朱門岩夫

初期キリスト教の声(その3)

1999年8月22日某公的機関紙に掲載

最終更新日19/01/30


 

 教皇ピウス十二世が一九五〇年十一月一日公布した『処女聖母マリアの被昇天の教義決定』の典拠の一つに、最後の教父ダマスコの聖ヨハネ(六七五頃~七四九頃)の『終生乙女なるマリアの栄えあるご就寝』がございます。この時節に相応しいかと存じますので、その一部をここにご紹介申し上げます。ギリシア語原文から無理をして訳したので、なにぶん読みにくいところが多々あるかと存じますが、この拙い訳文を通して信仰の遺産の一部を垣間見てくだされば幸いでございます。

 

 ああ、それにしても何ということでありましょう! 私の主のおん母であり生命の源であるお方が、お亡くなりになってしまったのです! そうです! 土から作られたものは、再び土に戻らねばならなかったのです! こうしてそれは、体を土に返すことによって、土に恵みとして与えられた不滅の生命を再び得て、天へと復活しなければならなかったのであります! 死すべきこの肉体は、ちょうど黄金のように、死という釜戸のなかで陰惨な死という土塊をかなぐり捨てて清く不滅の肉体となり、不滅の光に輝きながら、墓から復活していかなければならなかったのであります!

 シオンよ! 生命ある神的な山がお住まいになった神性にして聖なる山よ! 喜びなさい! あなたのところから、彼女のおん子が、天の高みへと上げられていったのです。
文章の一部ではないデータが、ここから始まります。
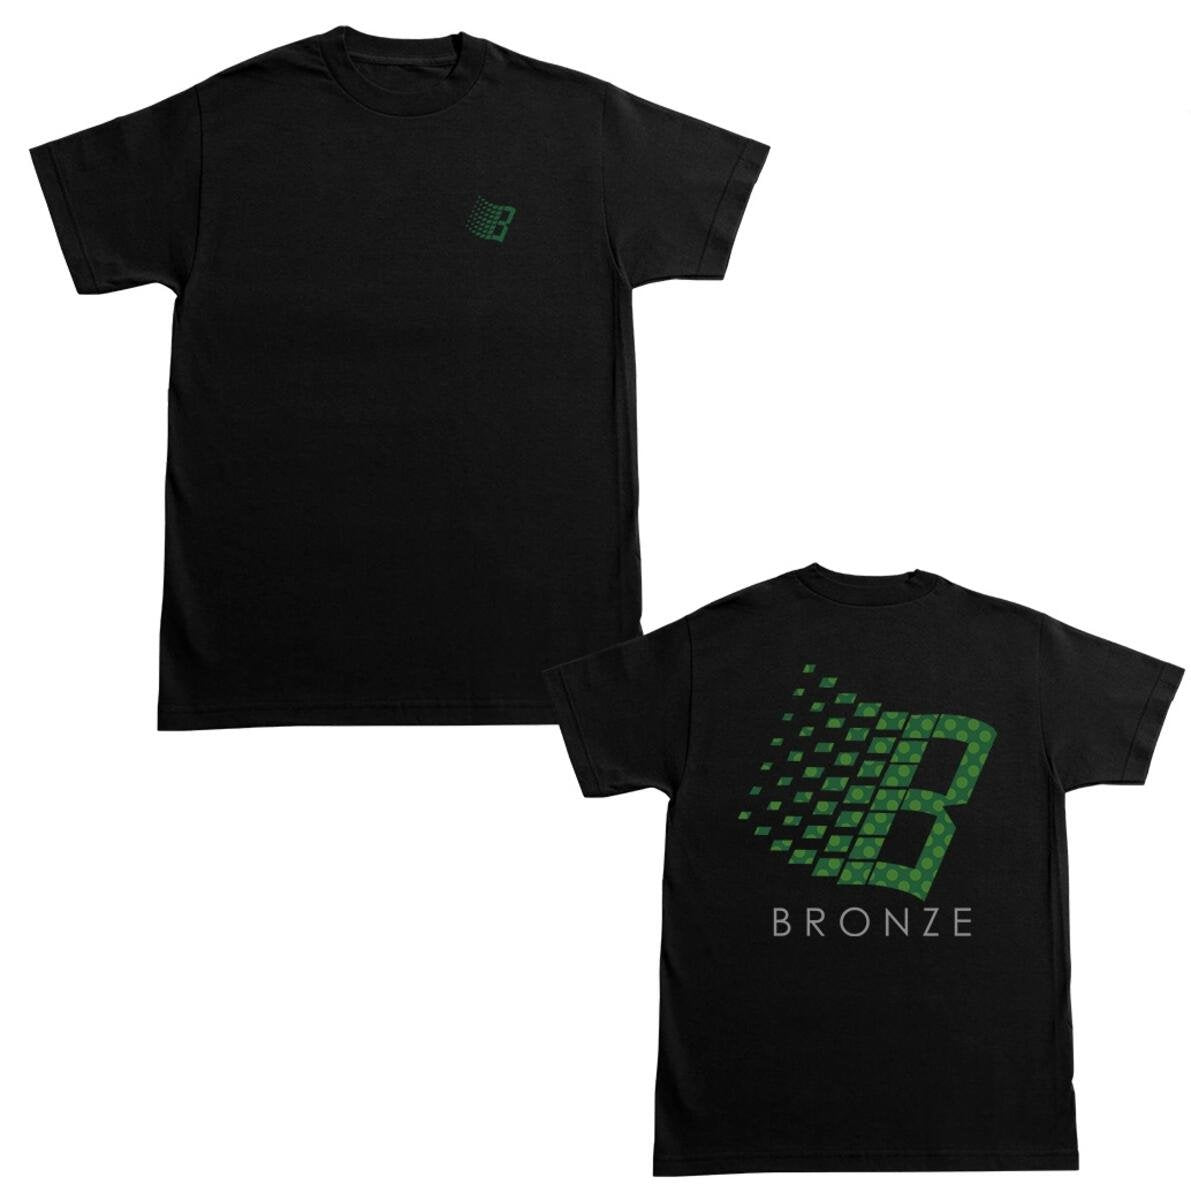 Bronze - Polka Dot Tshirt Black

 イスラエルの娘たちよ! 王妃の後に従って、彼女のみ側で聖霊によって若やいだ乙女として振る舞いなさい! そして彼女を花婿のところまでお連れして、主の右にご案内しなさい。主よ、来てください! こちらへ降りてきてください! そしてあなたが受けた養育の然るべき費用をおん母にお支払いください! 神々しき両のおん手をお広げになって、おん母の霊魂をお受け取りください! ああ! 十字架の上でご自分の霊をおん父のみ手に委ねられたお方さま! 何かしら甘美な言葉で、彼女に囁きかけてください!

 来なさい、親愛なる美しい乙女よ。乙女の美しさで太陽よりも照り輝く娘よ。あなたは私に、あなたの持てるものを分けてくださったのです。こちらへ来てください。私と共に私の持てるものを共に享受しましょう。さあ、お母さん、息子のところに来てください。 さあ! 来てください。あなたから産まれ、あなたと共に貧しさに耐えたこの私と、一緒に世を治めましょう!

 ご出立ください! 女王さま。ご出立ください! モーセのように、ネボ山に登って死んではなりません! むしろ、お亡くなりになって、お昇りください! 塵から出たものを尊い死によって塵にお返しください! そうすれば、塵から出たものは、あなたさまと共に天に上げられていくことになるのです!

 さあ、皆さん! ご出立なされた乙女と共に、私たちも知性によって出立しましょう! さあ皆さん! 神聖な讃歌を歌おうでありませんか! 拍子を付けて歌おうではありませんか!

 

 めでたし、聖寵満ち充てるおん方。主は御身と共にまします。めでたし、あらかじめ定められた神のおん母。めでたし、お喜びください! 代の始まる前に神のみ旨によってあらかじめ選ばれた神のお母さま!